Don't start with a moonshot. Find one repetitive, high-volume workflow, automate the decision inside it (not the whole job), keep a human in the loop, and measure the hours you save. That's the entire playbook for a first AI win that actually pays for itself.
Every week we talk to a small-business owner who's been told they "need AI." They rarely need what they've been sold. What they need is one specific, expensive problem solved — and AI is sometimes, but not always, the cheapest way to solve it.
This is the framework we use to find the projects worth doing. It's deliberately boring, because boring is what works.
1. Start with a workflow, not a technology
The mistake is starting from "what can AI do?" The right question is "where do we lose the most time or money to repetitive decisions?" Look for work that is:
- High-volume — it happens dozens or hundreds of times a week.
- Repetitive — the same kind of decision, over and over.
- Rules-ish — an experienced person could explain how they decide.
- Expensive — it eats senior time, or mistakes cost real money.
Triage, routing, categorisation, first-draft writing, data entry, summarisation. Unglamorous, and exactly where the money is.
Automate the decision inside the job — not the whole job.

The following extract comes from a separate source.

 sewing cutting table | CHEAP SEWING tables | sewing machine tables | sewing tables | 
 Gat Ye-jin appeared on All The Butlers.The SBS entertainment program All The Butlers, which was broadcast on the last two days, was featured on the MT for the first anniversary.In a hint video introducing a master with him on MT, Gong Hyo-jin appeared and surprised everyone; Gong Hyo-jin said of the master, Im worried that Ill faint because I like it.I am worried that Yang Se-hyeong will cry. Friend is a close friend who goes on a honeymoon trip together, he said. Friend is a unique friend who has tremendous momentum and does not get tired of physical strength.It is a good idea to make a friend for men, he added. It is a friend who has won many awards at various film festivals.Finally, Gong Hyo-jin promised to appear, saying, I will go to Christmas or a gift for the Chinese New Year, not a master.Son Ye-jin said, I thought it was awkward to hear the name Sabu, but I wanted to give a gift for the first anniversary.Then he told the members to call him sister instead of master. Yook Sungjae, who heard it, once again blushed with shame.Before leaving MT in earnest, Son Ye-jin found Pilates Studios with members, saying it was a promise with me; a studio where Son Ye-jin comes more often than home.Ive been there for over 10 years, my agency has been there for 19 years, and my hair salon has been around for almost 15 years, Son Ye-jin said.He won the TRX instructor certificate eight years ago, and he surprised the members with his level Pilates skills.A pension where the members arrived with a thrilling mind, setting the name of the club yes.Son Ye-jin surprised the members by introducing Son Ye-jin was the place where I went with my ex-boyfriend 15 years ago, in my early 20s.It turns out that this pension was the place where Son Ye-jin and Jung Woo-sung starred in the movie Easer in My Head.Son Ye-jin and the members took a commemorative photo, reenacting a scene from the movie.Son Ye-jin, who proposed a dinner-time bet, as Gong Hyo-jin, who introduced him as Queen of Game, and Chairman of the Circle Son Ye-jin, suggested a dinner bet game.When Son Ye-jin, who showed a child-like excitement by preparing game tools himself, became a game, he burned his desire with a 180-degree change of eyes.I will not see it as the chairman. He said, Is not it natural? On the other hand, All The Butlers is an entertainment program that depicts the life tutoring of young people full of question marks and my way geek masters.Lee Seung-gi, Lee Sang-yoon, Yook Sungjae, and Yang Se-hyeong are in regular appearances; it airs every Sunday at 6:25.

2. Keep a human in the loop (at first)
The fastest way to lose trust in an AI system is to let it act unsupervised before it's earned it. We almost always start with the AI making a recommendation a human approves. Confidence is high? Auto-action it. Low? Flag it for review.
3. Measure one number
Pick the metric that maps to money before you build anything. Usually it's hours saved per week, or turnaround time, or error rate. If you can't name the number you expect to move, you're not ready to build yet — you're ready for a consultancy conversation.
4. Integration is the real project
The model is a commodity now. The hard, valuable work is connecting it to your data and the tools your team already uses, and making it reliable enough to depend on. Budget for that, not for the demo.
So, is your project worth it?
Three questions: Is it high-volume and repetitive? Can you keep a human in the loop while it earns trust? Can you name the number it should move? Three yeses, and you've probably found your first win.
Want a second opinion on where AI fits in your business? That's exactly what our first call is for — and it's free.
Frequently asked questions
If you have a repetitive, high-volume decision that an experienced person could explain the rules for, and you can name the number it should move (hours saved, turnaround, error rate), you're ready. If you can't name that number yet, start with a consultancy conversation, not a build.
Automate the decision inside the job, not the whole job. Have the AI make a recommendation a human approves at first — auto-action only the high-confidence cases. This is the difference between a tool your team trusts and one they quietly stop using.
Triage, routing, categorisation, first-draft writing, data entry and summarisation. They're unglamorous and high-volume — which is exactly where the money is for a first project.